In some embodiments, the processor-executable instructions cause the processor to render a map view of the hospitality establishment based on obtained map data and the map view may include a graphical representation of the room and other rooms at the hospitality establishment. The processor-executable instructions, when executed, may cause the processor to render a 3-D perspective view of the hospitality establishment, a multi-floor view of the hospitality establishment, a 2-D top plan view of at least a portion the hospitality establishment, or a map view of a floor of the hospitality establishment, for example. The map view may be a virtual model of at least a portion of the physical body of the hospitality establishment, including a virtual model of the physical body of the hospitality establishment.
In some embodiments, the processor-executable instructions cause the processor to at least partially integrate or at least partially combine multiple portions of the thermostat data into the graphical representation of the room. The processor-executable instructions may also include instructions that cause the processor to implement a map application configured to provide a user interface and obtain instructions from a user on the desired map view and annotations.
FIG. 8 conceptually illustrates the software architecture of an analytics application 250 of some embodiments that may render the map view 70 of the hospitality establishment H. In some embodiments, the analytics application 250 is a stand-alone application or is integrated into another application, while in other embodiments the application might be implemented within an operating system 280. Furthermore, in some embodiments, the analytics application 250 is provided as part of a server-based solution or a cloud-based solution. In some such embodiments, the application is provided via a thin client. That is, the application runs on a server while a user interacts with the application via a separate machine remote from the server. In other such embodiments, the application is provided via a thick client. That is, the application is distributed from the server to the client machine and runs on the client machine.
The analytics application 250 includes a user interface (UI) interaction and generation module 252, management (user) interface tools 254, aggregator modules 256, filter modules 258, numerical decomposer modules 260, discrete decomposer modules 262, assignment modules 264, property access module 266, and a map rendering application 268. The analytics application 250 has access to historic property databases of thermostat data 270, real-time property databases of thermostat data 272, and presentation instructions 274, which presents instructions from the operation of the analytics operation 250. In some embodiments, storages 270, 272, and 274 are all stored in one physical storage. In other embodiments, the storages 270, 272, 274 are in separate physical storages, or one of the storages is in one physical storage while the other is in a different physical storage.
The UI interaction and generation module 252 generates a user interface that allows the end user to specify parameters that may be utilized to generate an annotated map view of the hospitality establishment, which may include elements of a heat map. Prior to the generation of an annotated map view of the hospitality establishment, the aggregator modules 256 may be executed to obtain instances of thermostat data. In other instances, the thermostat data is continually provided to the analytics application 250 such that the aggregator modules 256 do not have to obtain instances of thermostat data proactively. The thermostat data may also be filtered by the filter modules 258. The aggregator modules 256 and the filter modules 258 cooperate, in combination, to gather the desired thermostat data.
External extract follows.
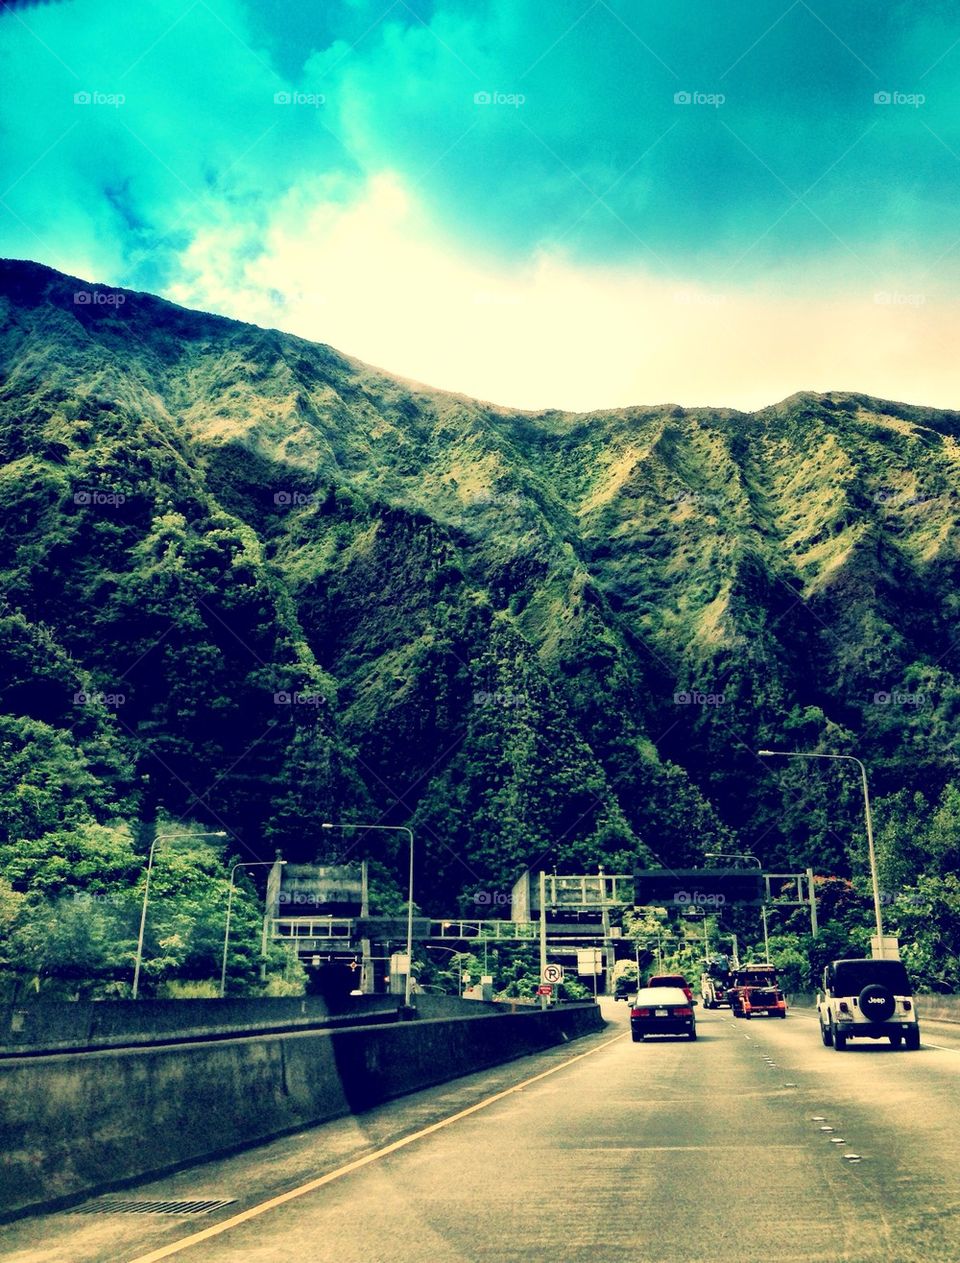 Hawaii road trippin

At this time, the parameters have been established for the annotated map view of the hospitality establishment by default or by an end user utilizing the management (user) interface tools 254. The numerical decomposer modules 260 may be executed to numerically decompose instances or summaries of thermostat data gathered by the aggregator modules 256 and the filter modules 258 by applying the selected performance characteristic or selected performance characteristics to the instances of the thermostat data. The discrete decomposer modules 262 may be executed to containerize the decomposed thermostat data. In this manner, multiple containers may be defined that each have a range of values. The assignment modules 264 may be executed to assign a pre-map annotation element to each of the multiple containers. The property access module 266 may be executed to obtain data from the historic property databases of thermostat data 270 or the real-time property databases of thermostat data 272. The map rendering application 268 may be executed to call a map rendering application 300 of FIG. 9, for example.
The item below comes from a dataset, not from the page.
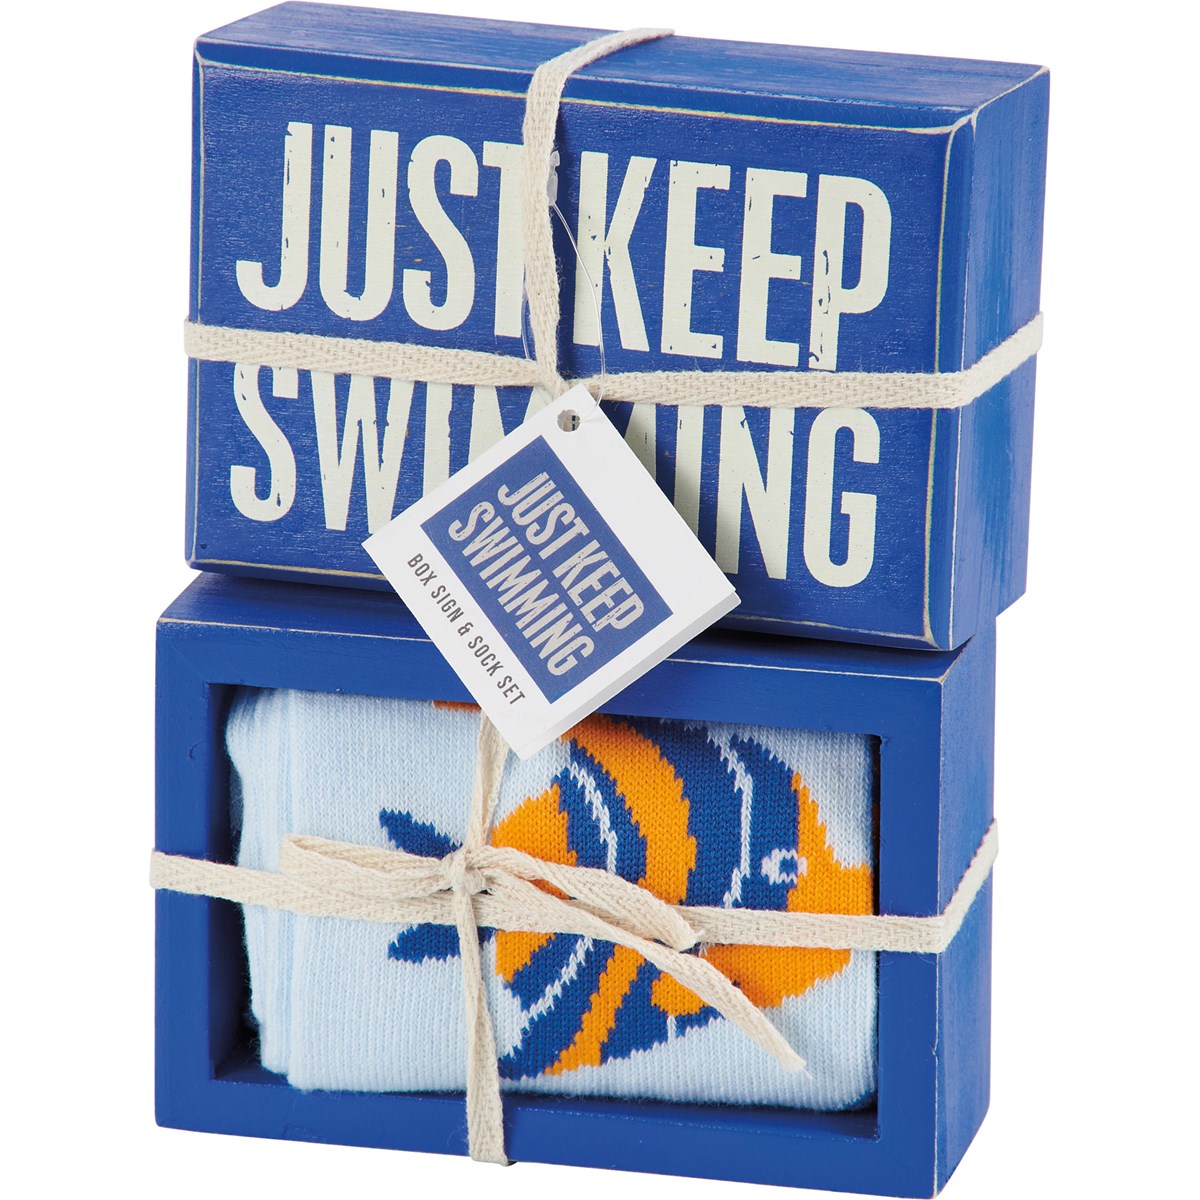 Just Keep Swimming Box Sign And Sock Set - Wood, Cotton, Nylon, Spandex, Ribbon

In the illustrated embodiment, FIG. 8 includes the operating system 280 that also includes input device driver(s) 282 and a display module 284. In some embodiments, as illustrated, the input device drivers 282 and display module 284 are part of the operating system 280 even when the analytics application 250 is an application separate from the operating system 280. The input device drivers 282 may include drivers for translating signals from a keyboard, mouse, touchpad, tablet, touch screen, gyroscope or accelerometer, for example. A user interacts with one or more of these input devices, which send signals to their corresponding device driver. The device driver then translates the signals into user input data that is provided to the UI interaction and generation module 252.
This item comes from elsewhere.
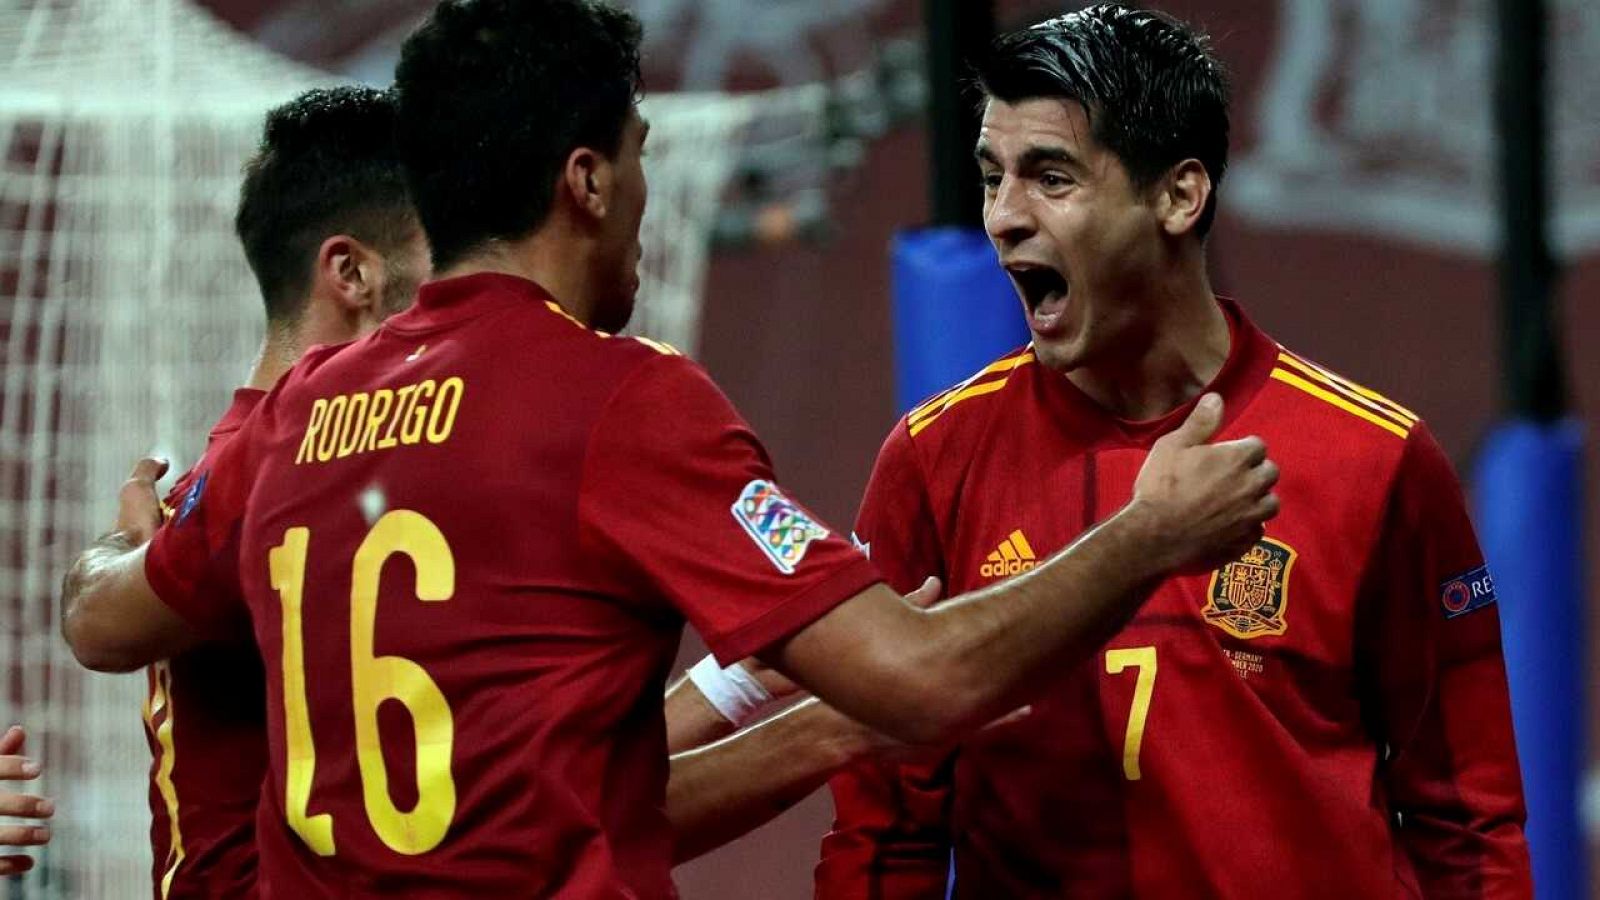 España-Alemania | Morata adelanta a España (1-0)

FIG. 9 conceptually illustrates the software architecture of the map rendering application 300 of some embodiments that may render the map view 70 of the hospitality establishment H. In some embodiments, the map rendering application 300 is a stand-alone application or is integrated into another application, while in other embodiments the application might be implemented within an operating system. Furthermore, in some embodiments, the map rendering application 300 is provided as part of a server-based solution or a cloud-based solution. In some such embodiments, the application is provided via a thin client. That is, the application runs on a server while a user interacts with the application via a separate machine remote from the server. In other such embodiments, the application is provided via a thick client. That is, the application is distributed from the server to the client machine and runs on the client machine.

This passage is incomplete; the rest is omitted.